Hello, all, I know I haven't posted in awhile, but I hope someone can assist me.

I'm using NESTopia 1.4.1 on a Macbook Pro with Lion OS 10.7.2. 

I'm playing the original NES Metroid, and because I'm a total n00b I wanted to use a Game Genie code to give me infinite health, because I don't care about bragging rights, I just want to beat the game and see the ending. 

I tried inputting the game genie codes into the emulator but for some reason they're not working.  The codes I'm trying to use are:


*	SZUIGEVK for infinite energy and/or  SXNLOKVK for infinite lives.*


I'm going into the edit, then game genie menu option and pasting the codes into there. I click OK, but the codes don't work and Samus still gets hurt. I tried resetting the ROM with reloading my save state, and that didn't work.

Please help me.

Thanks!


----------



## elgarta (Apr 10, 2012)

Not sure what would be stopping it, but afaik being on an Apple platform shouldn't stop the game genie from working.. but I am a windows guy so I haven't had much experience.

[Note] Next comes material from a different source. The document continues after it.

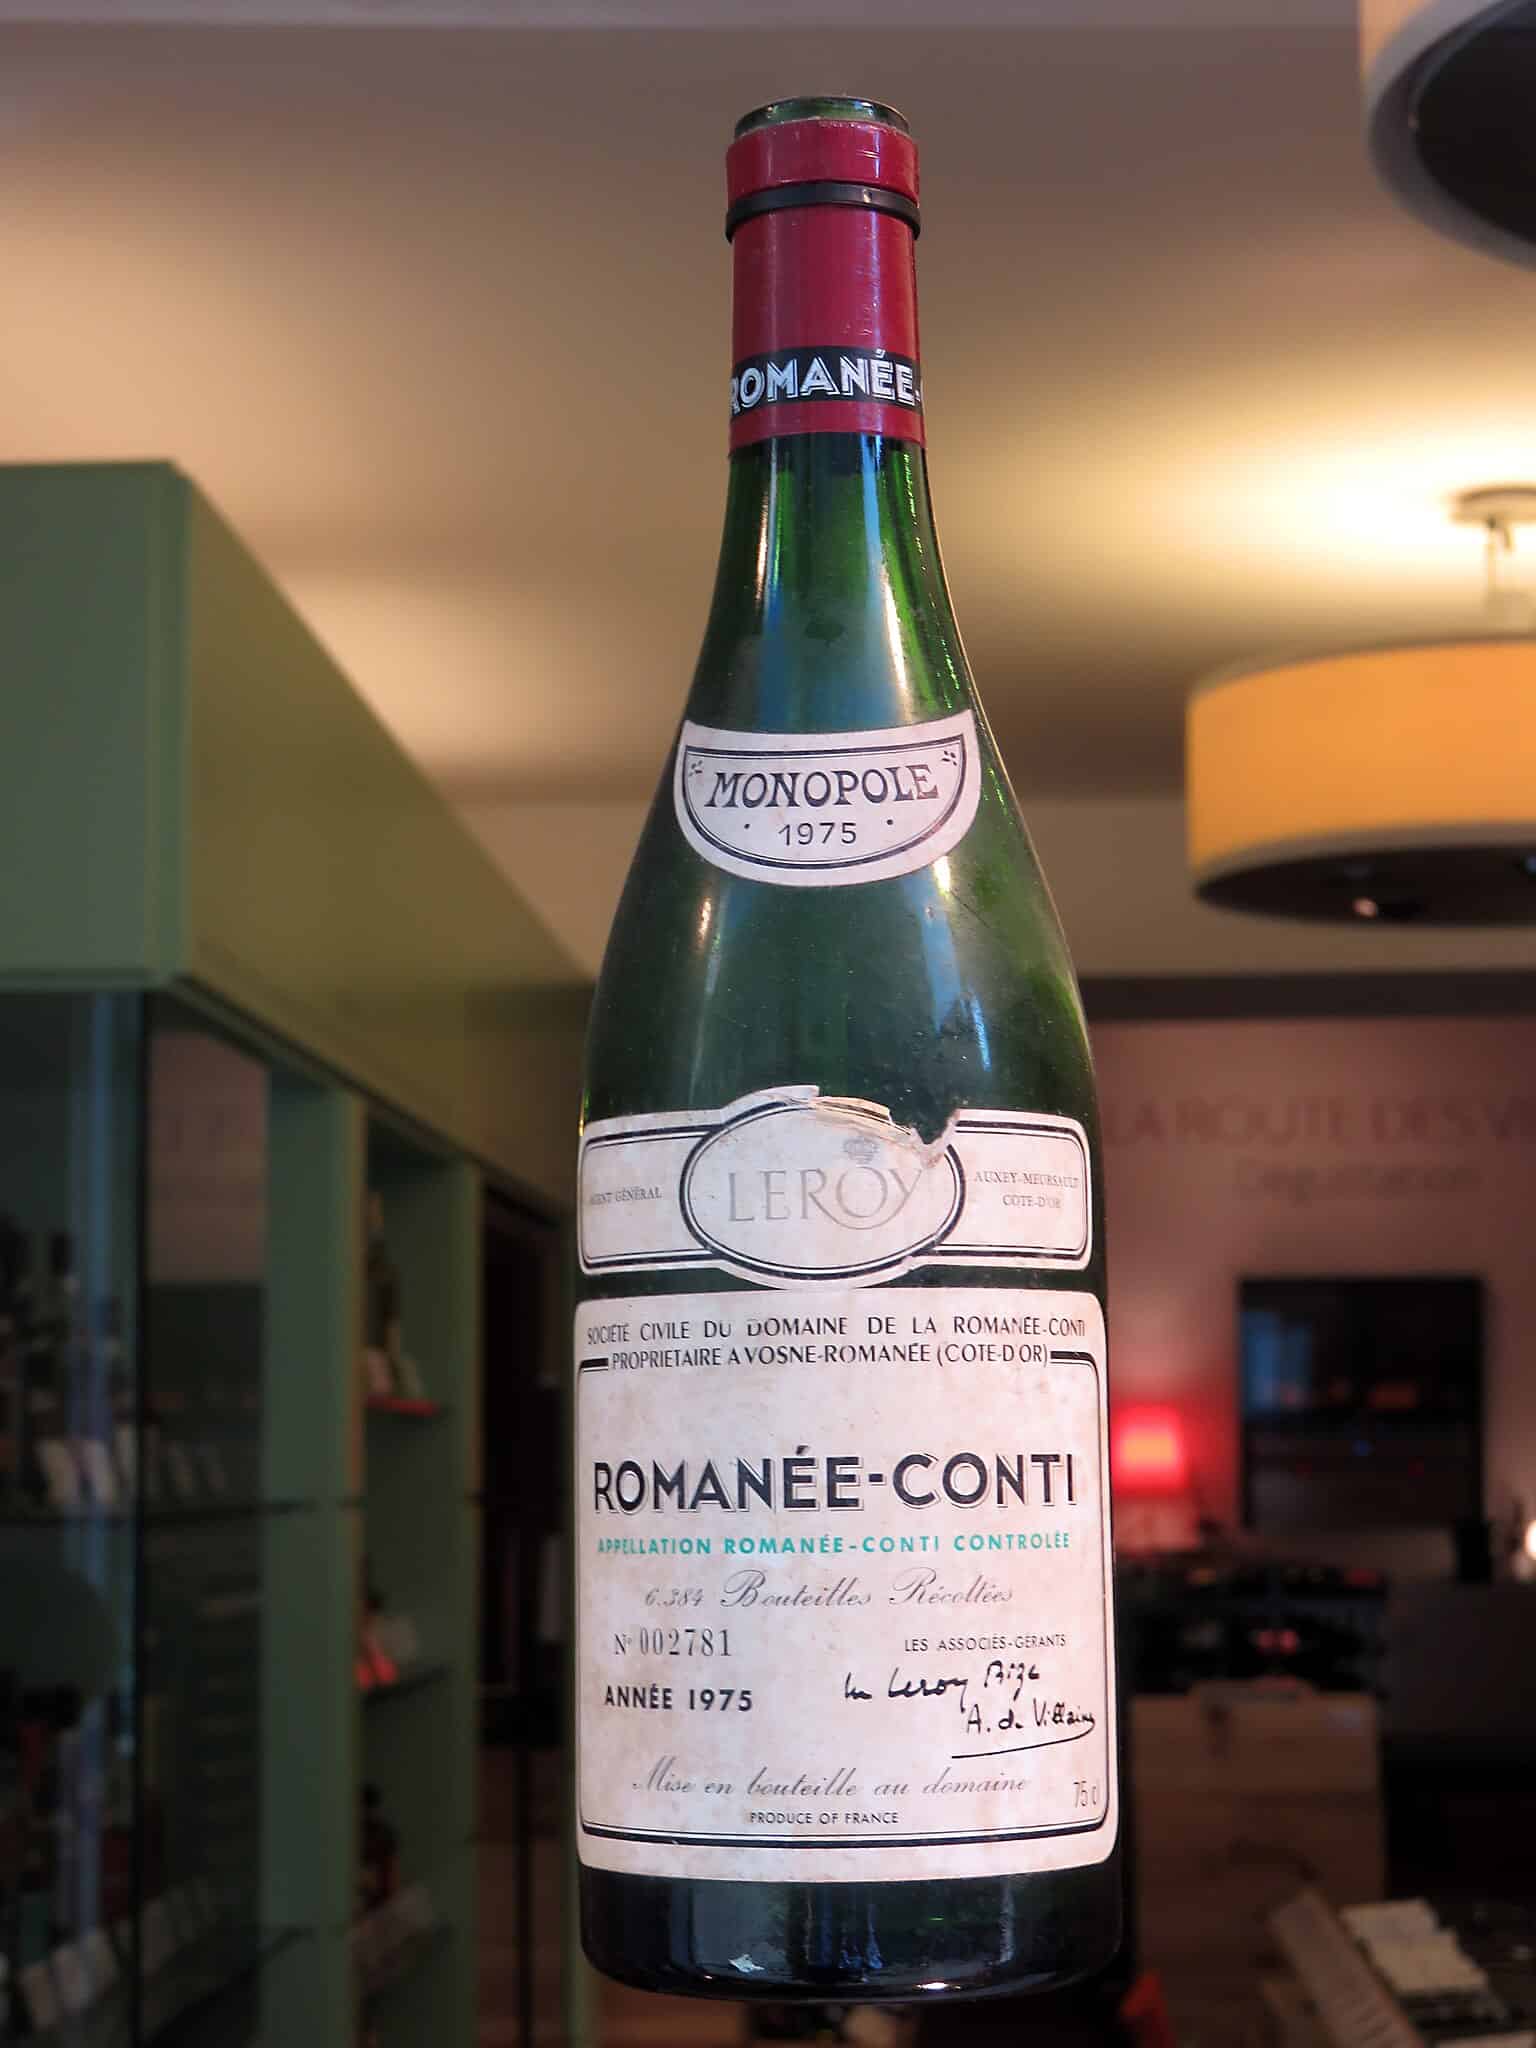 The Romanée-Conti Collection

Might not be an issue with NES, but I know for SNES onwards alot of Gamegenie/Gameshark codes are region specific, so the cheat on a EU game would be different from US. Just incase that helps..

I couldnt find those specific cheats, but I did see these ones listed on gamegenie.com

SXSGNVSE        Minimum energy of 30
SZUILUVK        Infinite rockets on pick-up
ZENSXLIE        Gain 10 rockets on pick-up
YENSXLIE        Gain 15 rockets on pick-up
YAXGVPLA        Extra energy


Maybe try one of those and see if they work, just incase it's a fake cheat.


----------



## Xarsah16 (Apr 10, 2012)

I figured out what the issue was. I thought that the codes would take effect immediately, however I was wrong, and the ones I posted didn't work period. I had to reset the game in order to get the codes to work, and entered them in the title screen before the game loaded.

The codes you posted worked that way though!  SXSGNVSE and​YAXGVPLA combined make me pretty much invincible, which is exactly what I wanted. I still wanted the fun of killing all the enemies, but I didn't want to get hurt by doing so.​

Thanks for your help! I really appreciate it ​

And yeah, I figured that my Apple computer wouldn't be stopping the game genie, however, being a former Windows user (by choice), I have noticed that the menus have less options in the Mac ports of emulators. It really doesn't bother me, but it affects the layout of the program toolbar up at the top making it slightly different from the Windows counterpart. My macbook is my "PC" gaming platform. 

Worst case scenario, I could run the Windows version on my Mac if I experience any other problems by using a Wine wrapper (which fools the windows program into thinking it's being run on Windows by creating a "virtual drive" ) but I'd feel better about using native ports of programs on my computer to make sure they run properly.


----------